#### [RAW DATA]
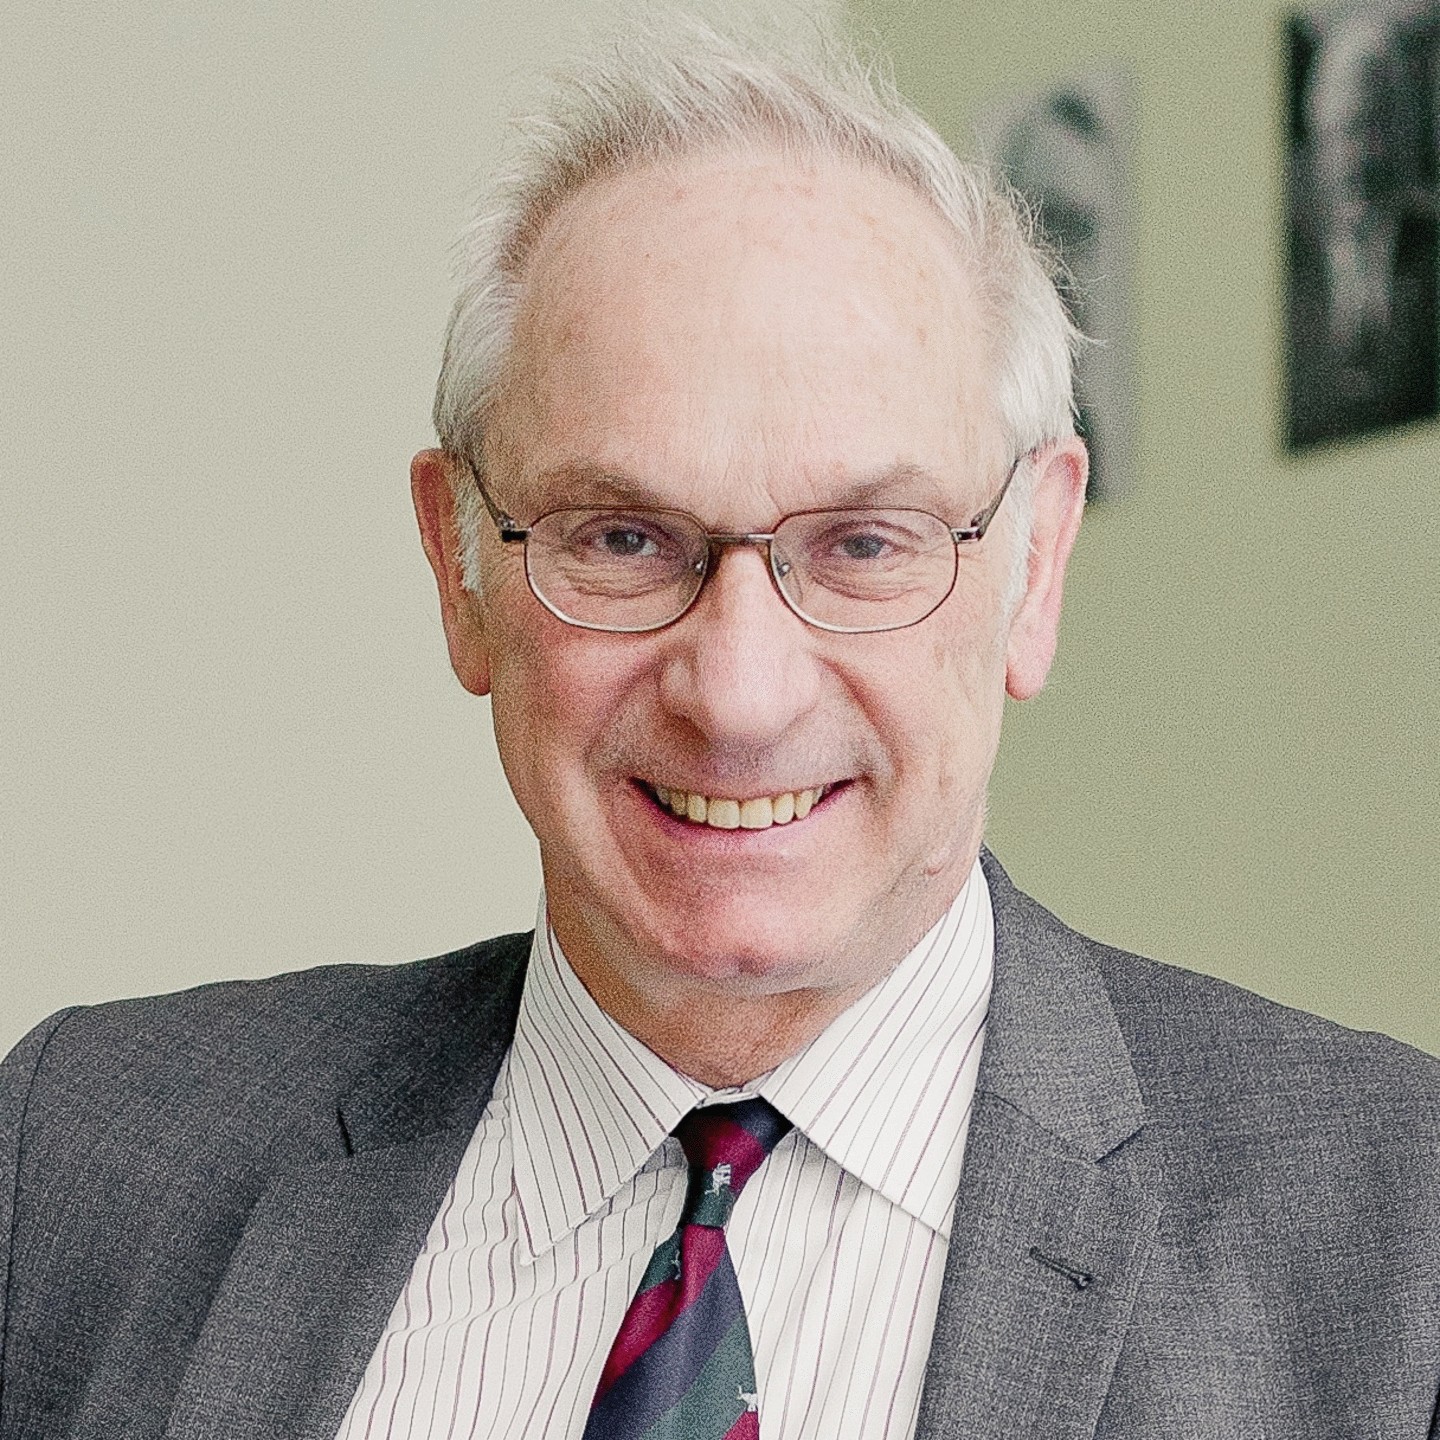 Prof. Dr. Wolfgang Wessels - Network Coordinator
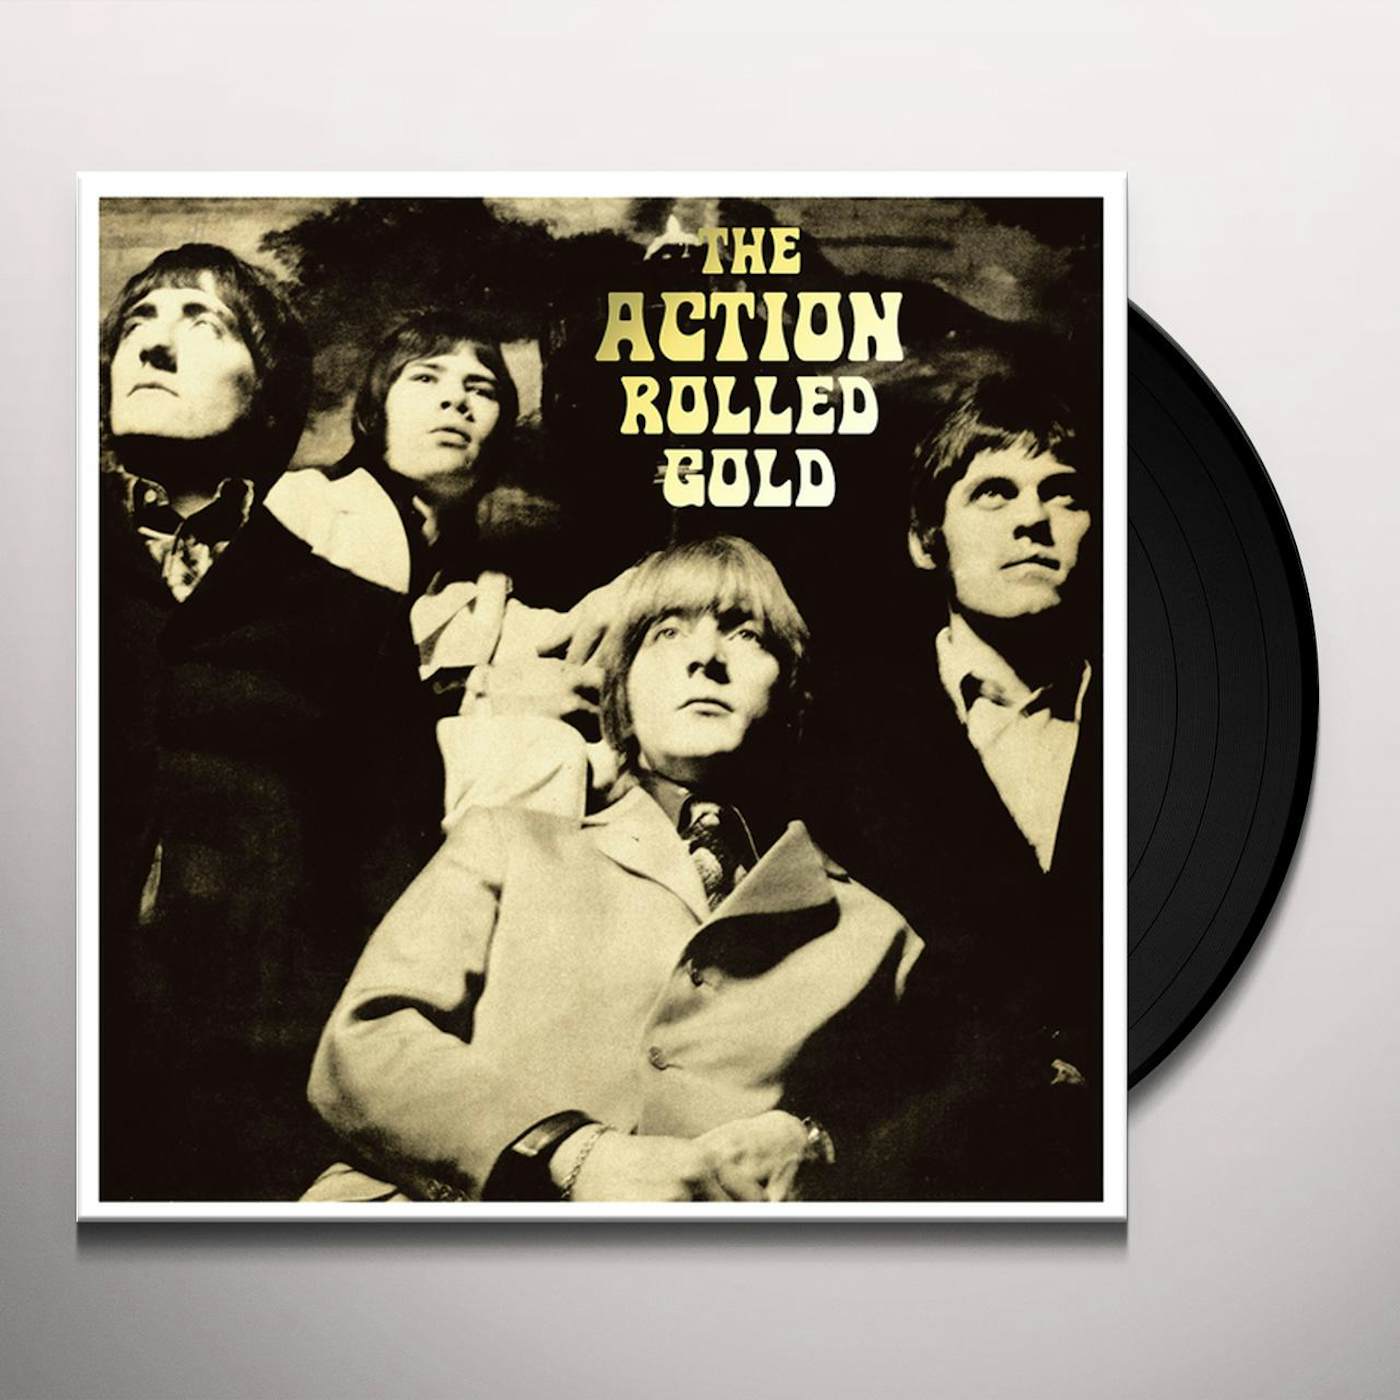 Action ROLLED GOLD Vinyl Record
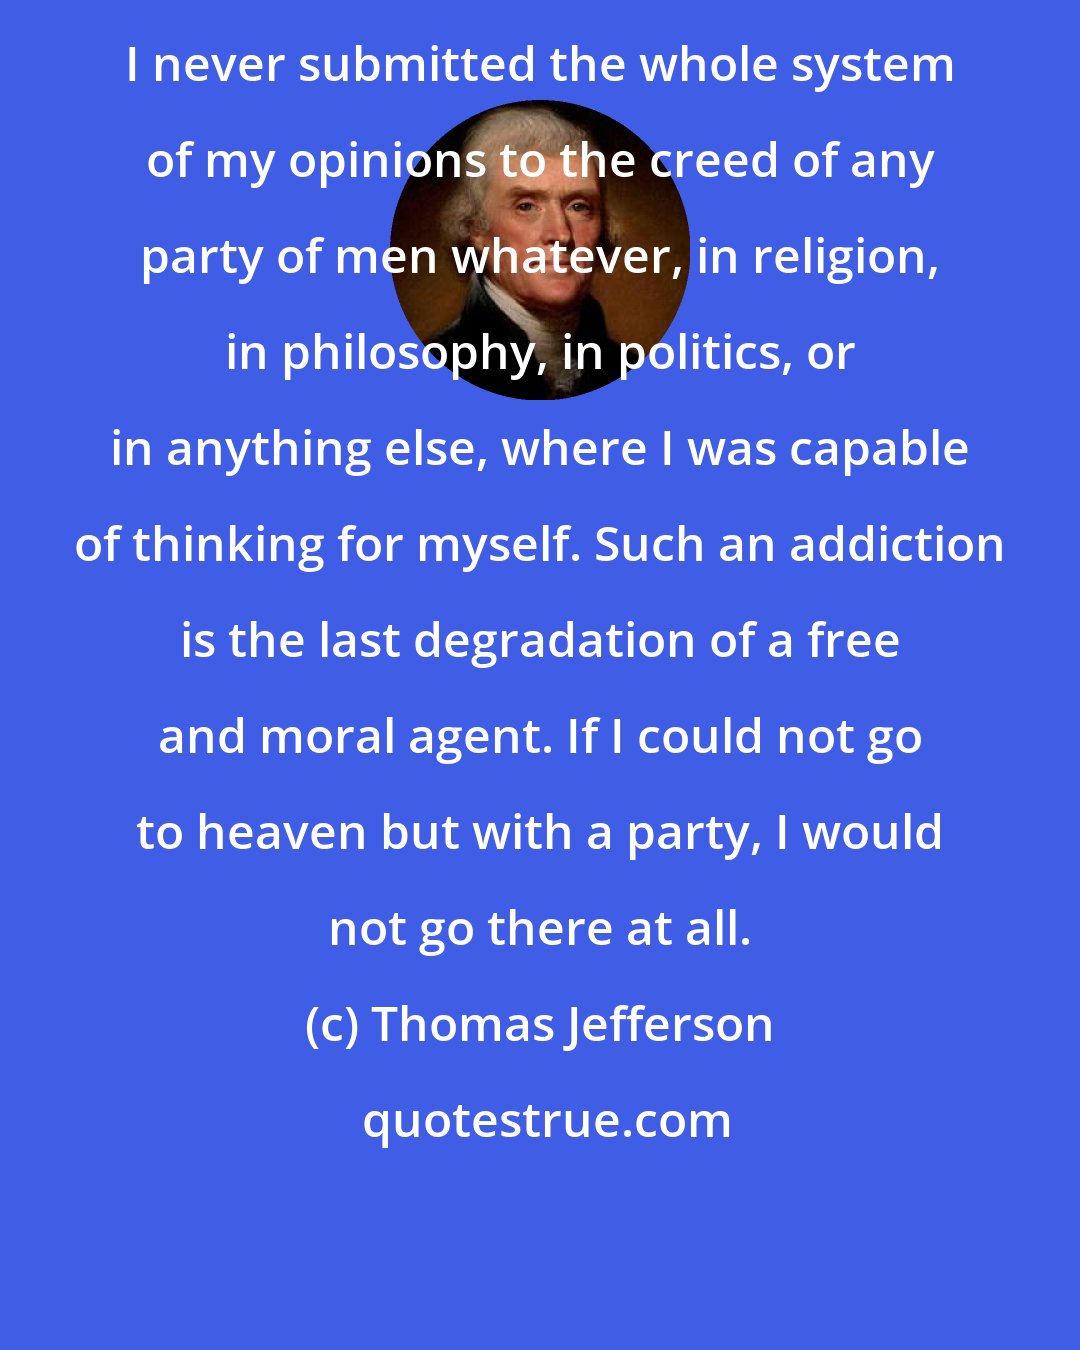 Thomas Jefferson: I never submitted the whole system of my opinions to the creed of any party of men whatever, in religion, in philosophy, in politics, or in anything else, where I was capable of thinking for myself. Such an addiction is the last degradation of a free and moral agent. If I could not go to heaven but with a party, I would not go there at all.
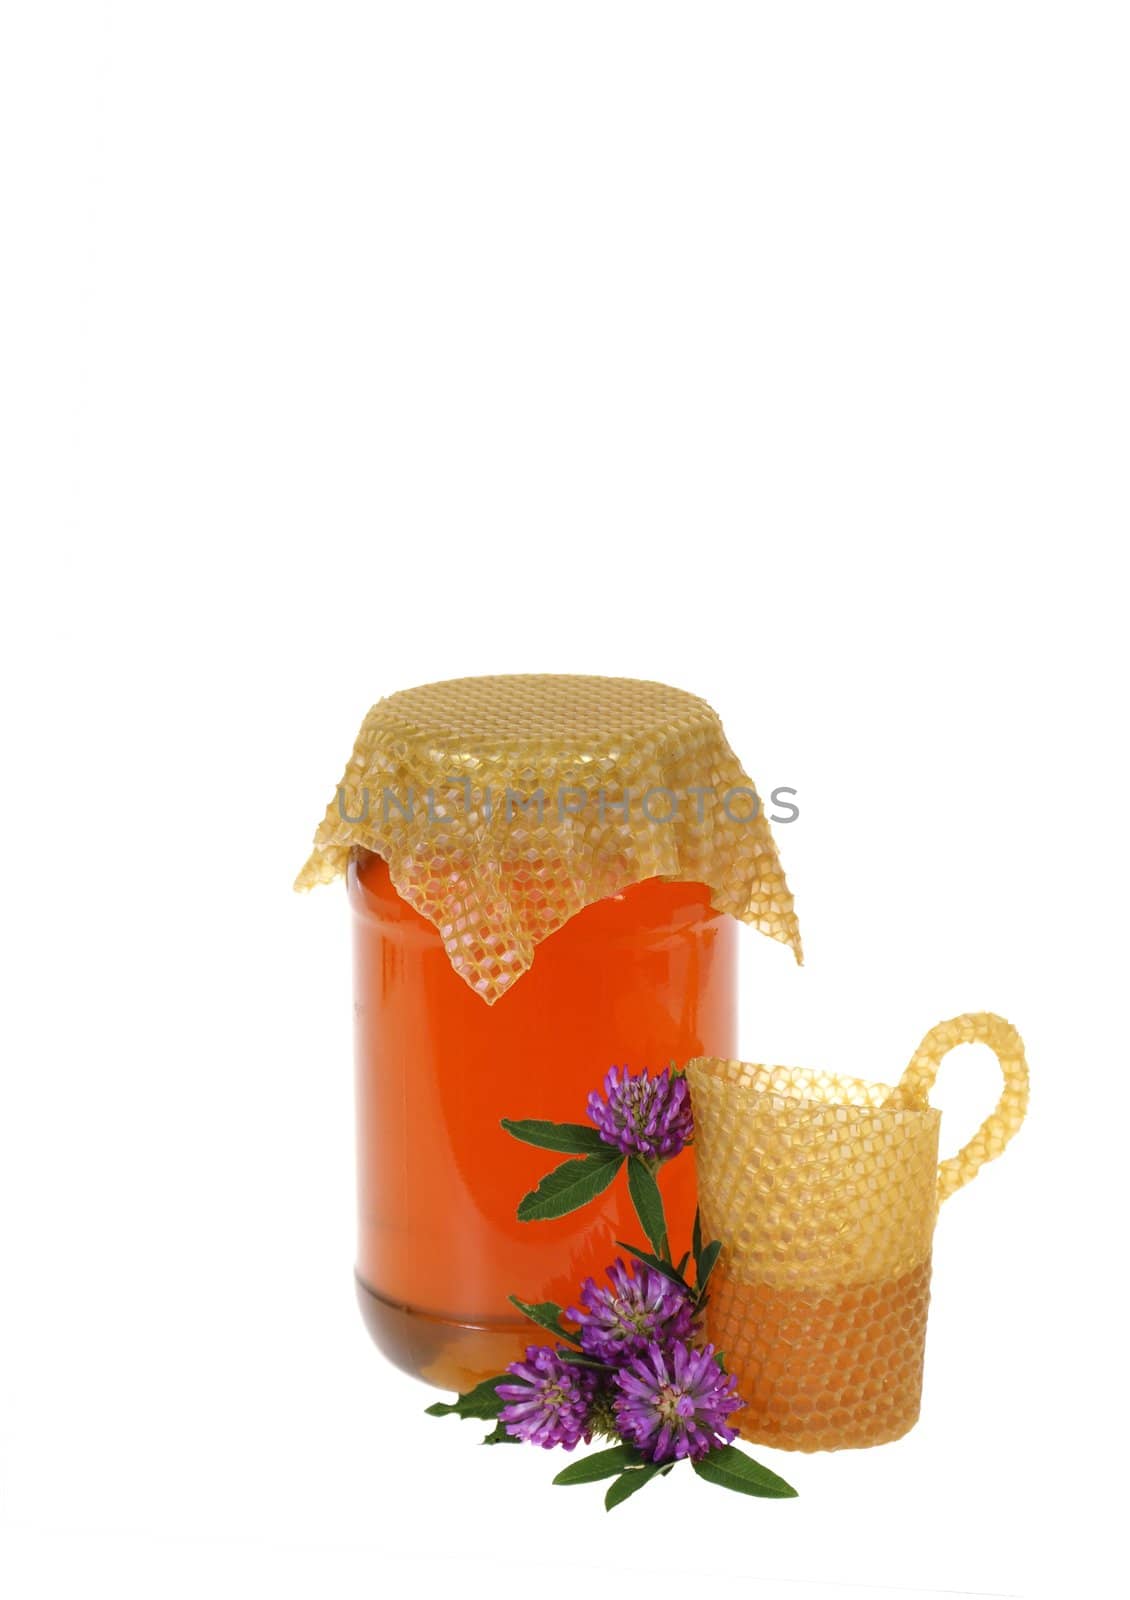 honey in jar with clover and jug isolated on white background

#### [HOW TO COMPLETE THIS TASK]
Repeat all of the data above word for word, minus the pictures.

#### [YOUR SOLUTION]
 Prof. Dr. Wolfgang Wessels - Network Coordinator
 Action ROLLED GOLD Vinyl Record
 Thomas Jefferson: I never submitted the whole system of my opinions to the creed of any party of men whatever, in religion, in philosophy, in politics, or in anything else, where I was capable of thinking for myself. Such an addiction is the last degradation of a free and moral agent. If I could not go to heaven but with a party, I would not go there at all.
 honey in jar with clover and jug isolated on white background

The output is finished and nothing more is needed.